-- Task item --
For the copy, please give all of the data again exactly and leave the pictures out.

-- Provided data --
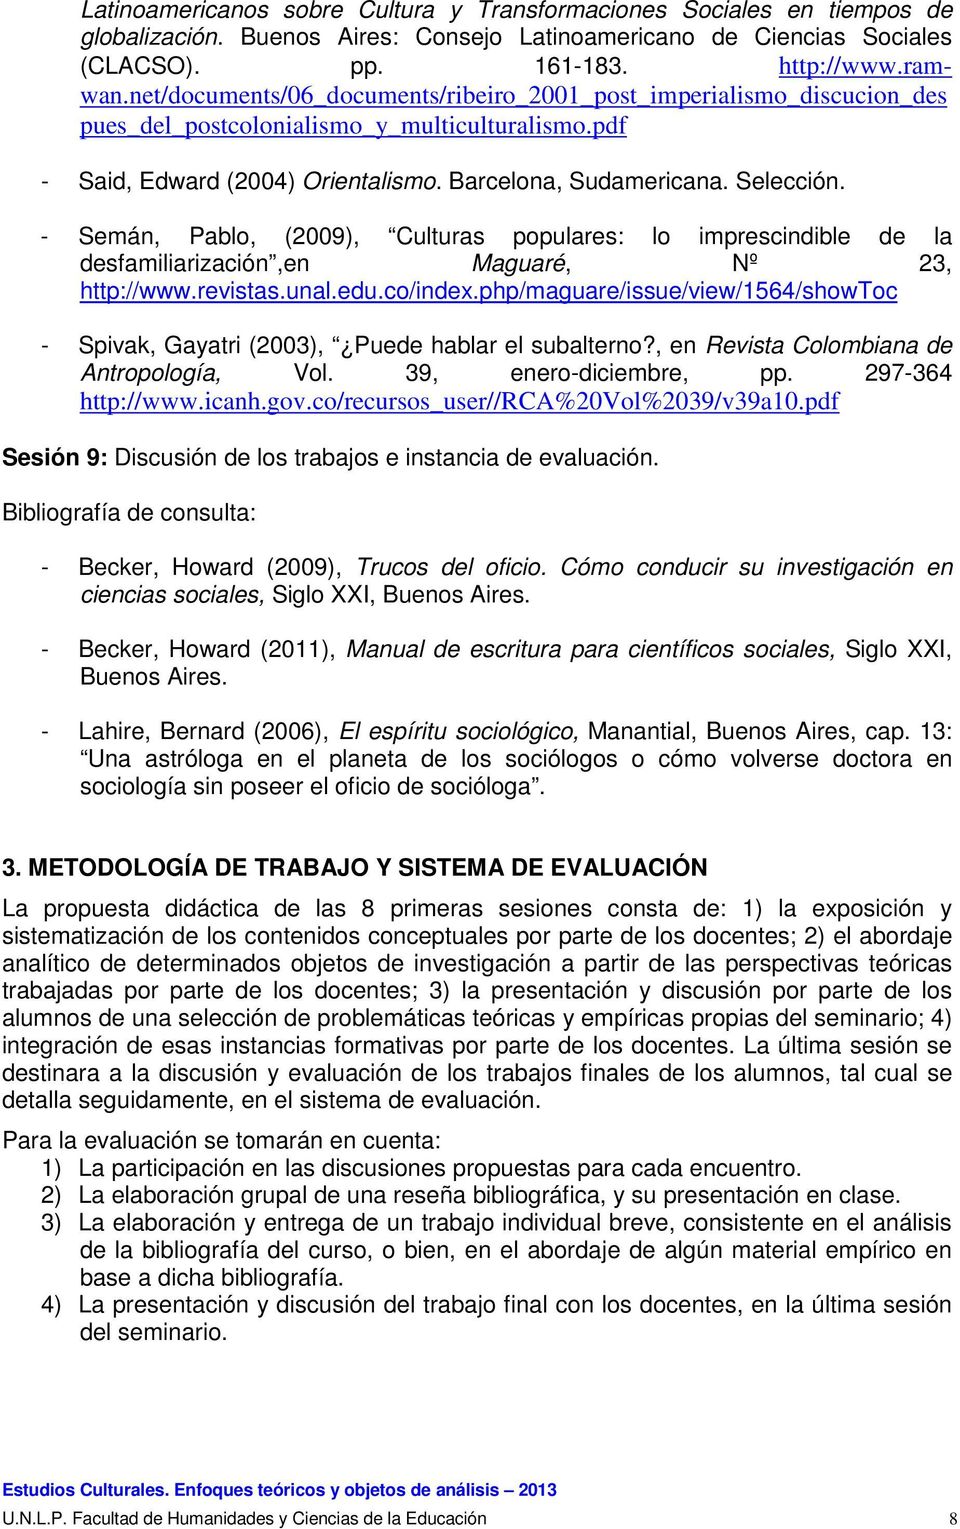 - Semán, Pablo, (2009), Culturas populares: lo imprescindible de la desfamiliarización,en Maguaré, Nº 23, http://www.revistas.unal.edu.co/index.
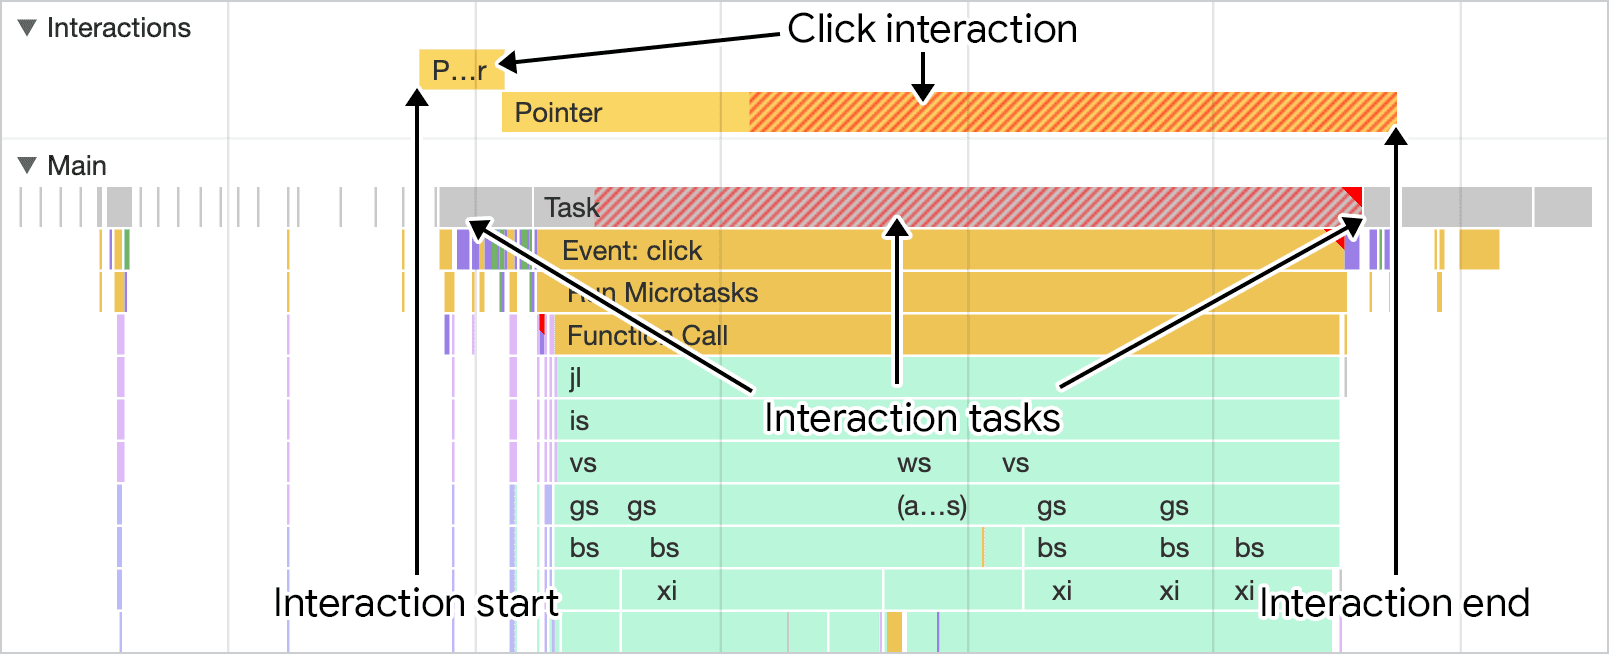 Chrome DevTools의 성능 패널에 시각화된 상호작용 스크린샷 기본 스레드 트랙 위에 있는 상호작용 트랙에는 상호작용의 지속 시간이 표시되며, 이는 기본 스레드 활동과 함께 표시될 수 있습니다.
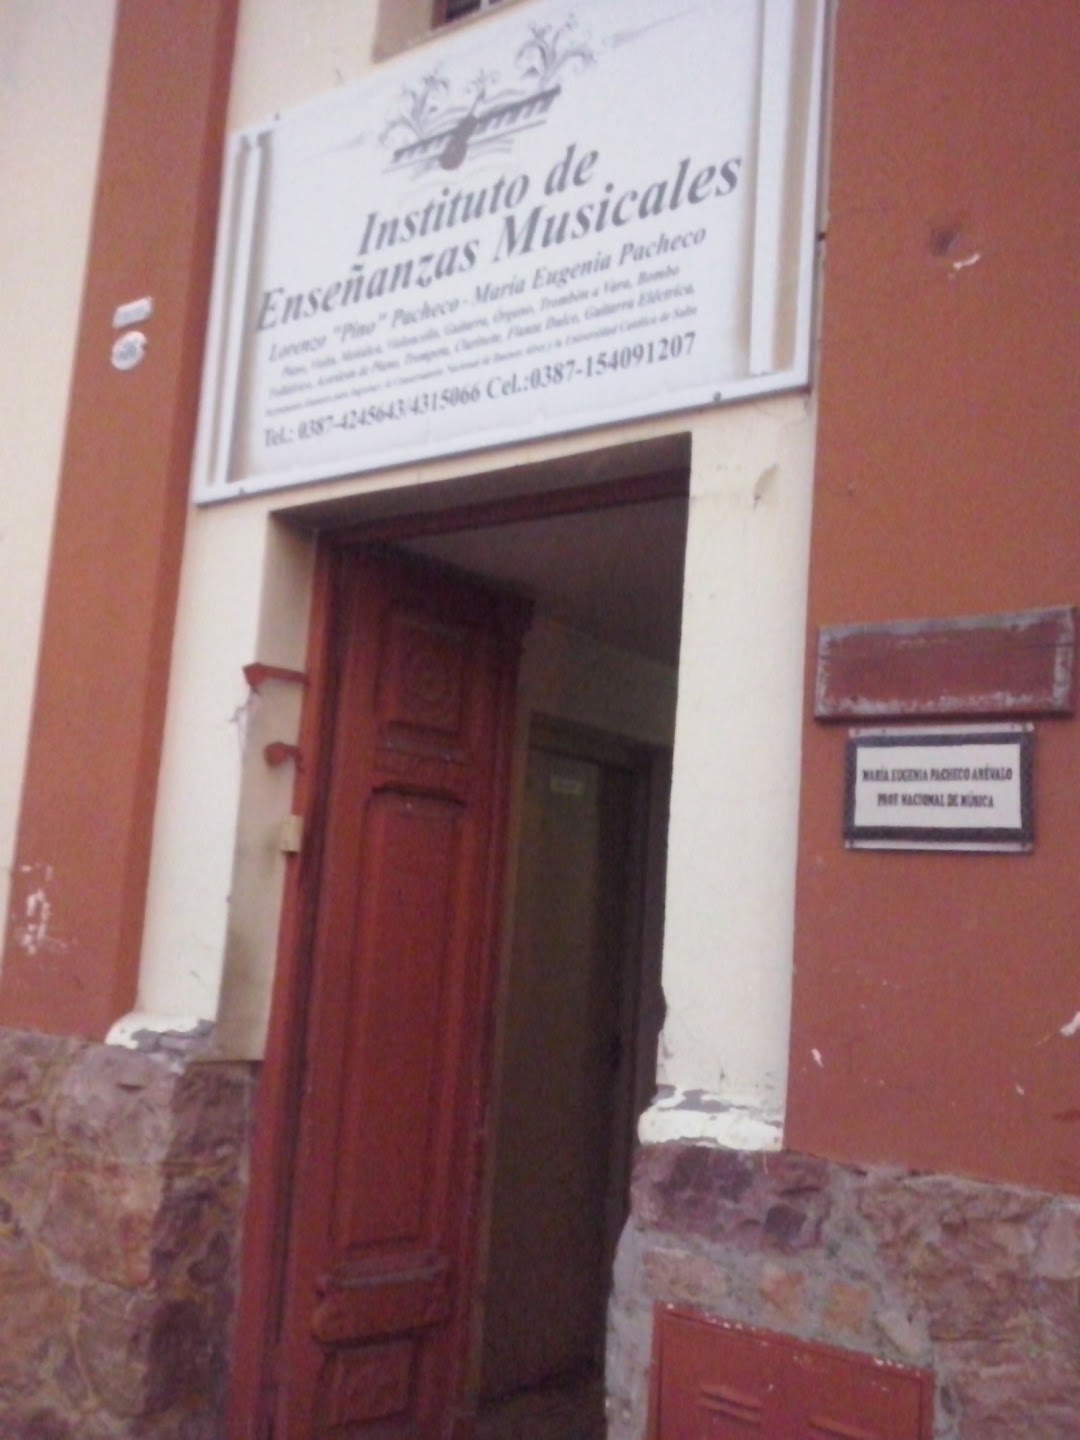 Instituto de Enseñanzas Musicales

-- Solution for this task --
 - Semán, Pablo, (2009), Culturas populares: lo imprescindible de la desfamiliarización,en Maguaré, Nº 23, http://www.revistas.unal.edu.co/index.
 Chrome DevTools의 성능 패널에 시각화된 상호작용 스크린샷 기본 스레드 트랙 위에 있는 상호작용 트랙에는 상호작용의 지속 시간이 표시되며, 이는 기본 스레드 활동과 함께 표시될 수 있습니다.
 Instituto de Enseñanzas Musicales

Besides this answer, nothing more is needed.